Dataface Tasks

Choose narrative serif typeface for Dataface

IDGRAPH_LIBRARY-CHOOSE_NARRATIVE_SERIF_TYPEFACE_FOR_DATAFACE
Statuscompleted
Priorityp2
Milestonem1-ft-analytics-analyst-pilot
Ownerdata-viz-designer-engineer

Problem

Select a serif companion typeface for narrative headlines and selected annotation labels after the primary sans decision is complete.

Context

  • Dataface chose Inter as the primary sans-serif typeface for UI, charts, tables, and data-dense surfaces (see ai_notes/considerations/INTER_AS_PRIMARY_SANS.md).
  • Source Sans 3 was the runner-up in the sans evaluation, noted for its warmer, more text-oriented tone.
  • The suite CSS already defines --font-sans with Inter and --font-mono with JetBrains Mono, but has no --font-serif variable.
  • The serif companion is scoped to narrative headlines, section headers, and selected annotation labels — not to data-dense chart surfaces, which remain Inter-only.
  • The serif typeface must be open source (SIL OFL) and available on Google Fonts for easy self-hosting and CDN delivery.

Possible Solutions

  • Source Serif 4 (recommended): Adobe's serif counterpart to Source Sans. Variable font with optical size axis (opsz), weight range 200–900. Shares the humanist warmth that made Source Sans 3 the runner-up in the sans round. Pairs naturally with Inter's proportions and x-height. SIL OFL, on Google Fonts. Trade-offs: best balance of narrative voice, Inter compatibility, and implementation maturity. Optical sizes give display-quality headlines without a separate cut.
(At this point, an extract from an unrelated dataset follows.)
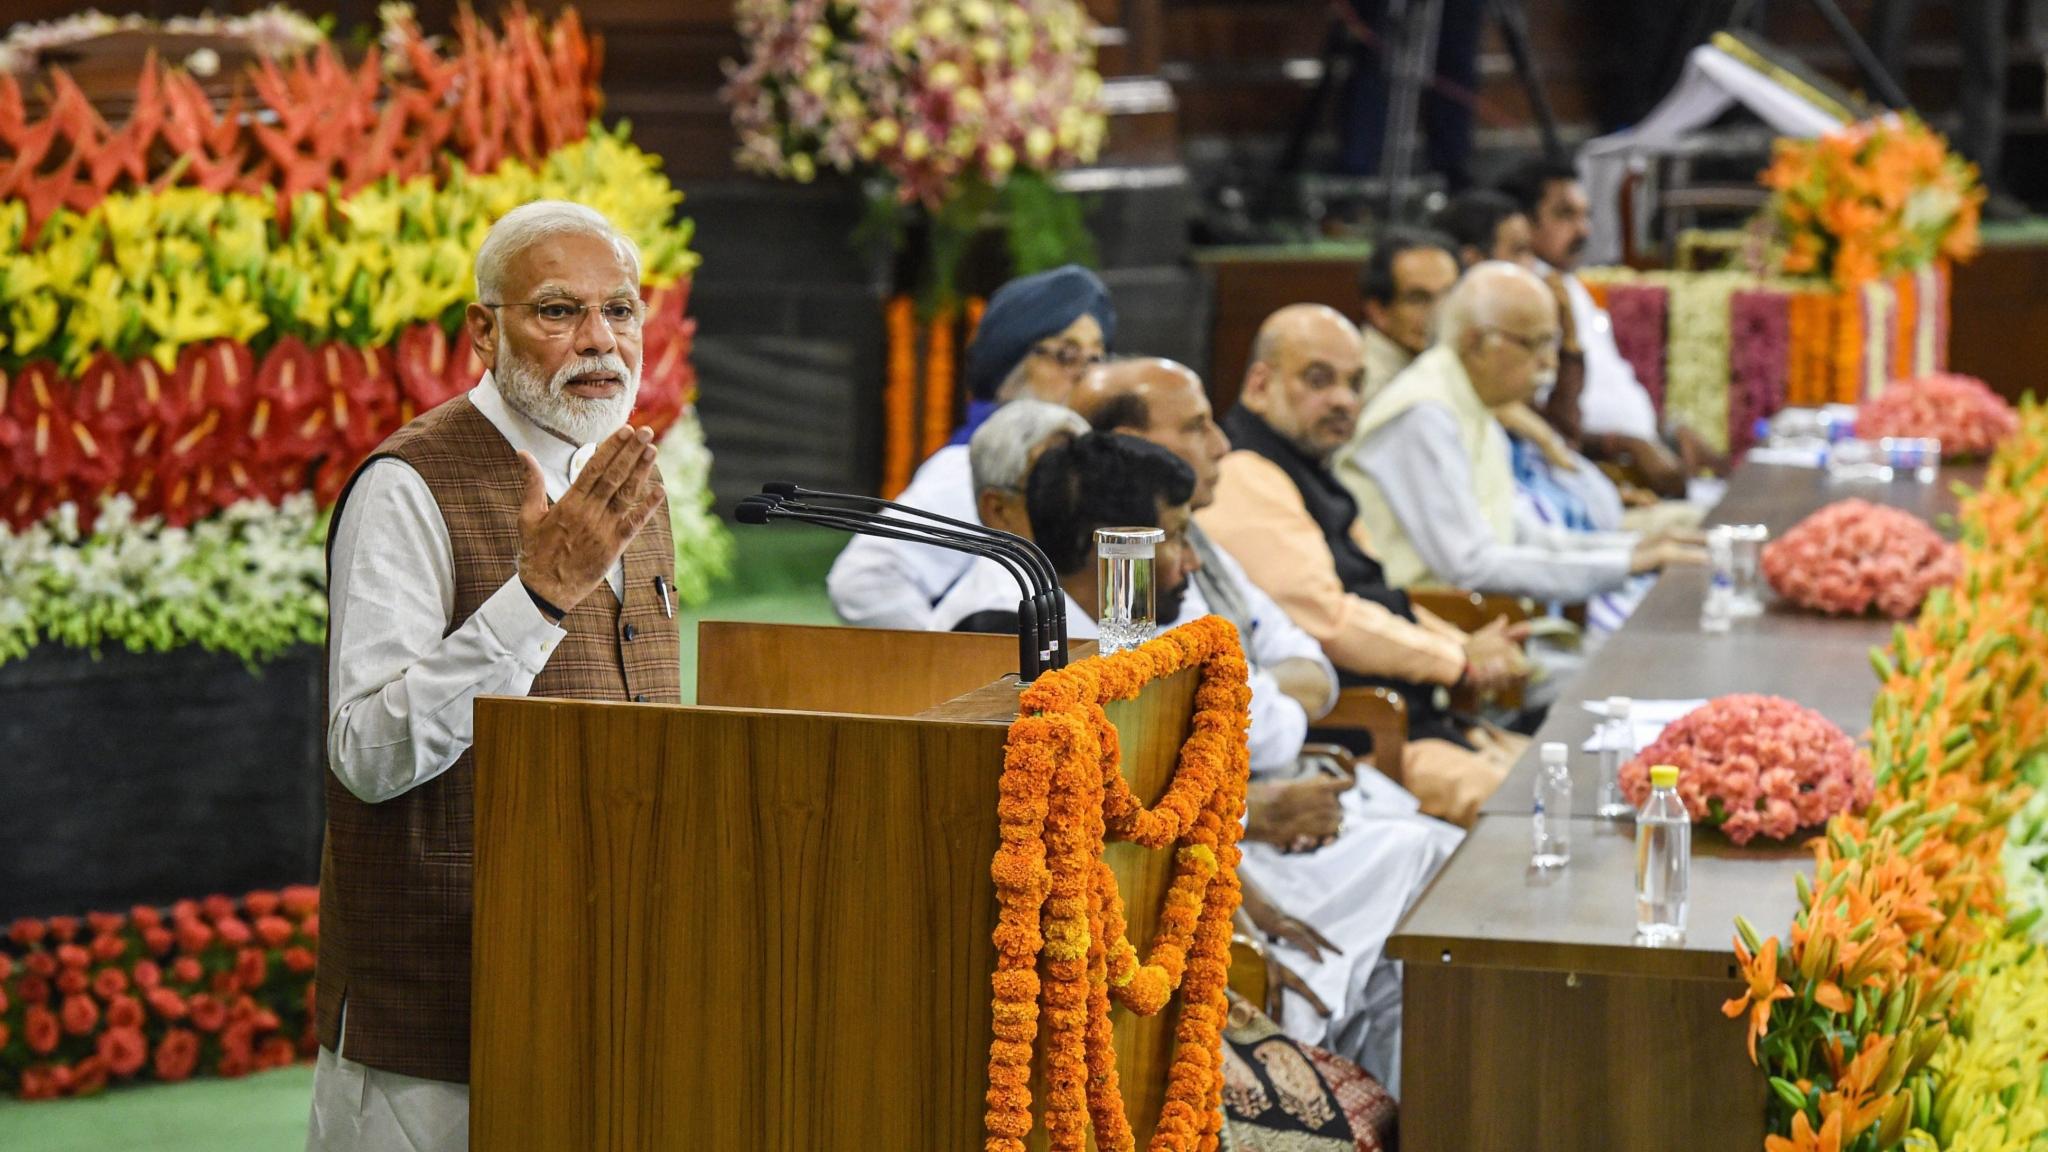 Modi Cabinet 2019 live updates: Sonia, Rahul Gandhi to Attend Modi's

  • Newsreader: Production Type design for Google, purpose-built for editorial contexts. Variable with optical size axis. Strong narrative personality. Trade-offs: excellent editorial voice but potentially too opinionated for a data product — its personality could clash with Inter's neutral pragmatism.

  • Literata: Originally designed for Google Play Books. Clean, modern serif with variable support. Trade-offs: optimized for long-form reading rather than headline display; less distinctive at large sizes.

  • Lora: Popular serif pairing with sans-serif faces. Well-balanced calligraphic curves. Trade-offs: widely used but lacks optical size axis; headline rendering at large sizes is less refined than Source Serif 4.

  • No serif — Inter only: Skip the serif companion entirely. Trade-offs: simplest path but sacrifices the narrative voice that editorial and annotation-heavy surfaces benefit from.

Plan

  1. Evaluate candidates at headline sizes (24–48px) paired with Inter body text.
  2. Select Source Serif 4 based on Inter compatibility, optical size support, and narrative tone.
  3. Record the decision and rationale in ai_notes/considerations/SOURCE_SERIF_4_AS_NARRATIVE_SERIF.md.
  4. Add --font-serif CSS variable to apps/cloud/static/css/suite.css alongside existing --font-sans and --font-mono.
  5. No render-layer code changes — serif usage in chart annotations will be wired in future tasks as specific narrative surfaces are built.

Implementation Progress

  • [x] Evaluated candidate serif families against Inter pairing criteria.
  • [x] Selected Source Serif 4 as the narrative serif companion.
  • [x] Created decision document: ai_notes/considerations/SOURCE_SERIF_4_AS_NARRATIVE_SERIF.md.
  • [x] Added --font-serif CSS variable to suite.css.
  • [x] Task completed — serif is available for future narrative surfaces.

QA Exploration

  • N/A — this is a typography decision and CSS variable addition with no runtime behavior change. The variable is declared but not yet consumed by any component; visual QA will happen when narrative surfaces are built.
  • [x] QA exploration completed (or N/A for non-UI tasks)

Review Feedback

  • Serif evaluation should happen as a distinct visual-language decision, not as an add-on to the sans selection.
  • Source Serif 4 selected for its optical size axis, Inter compatibility, and narrative warmth without data-surface contamination.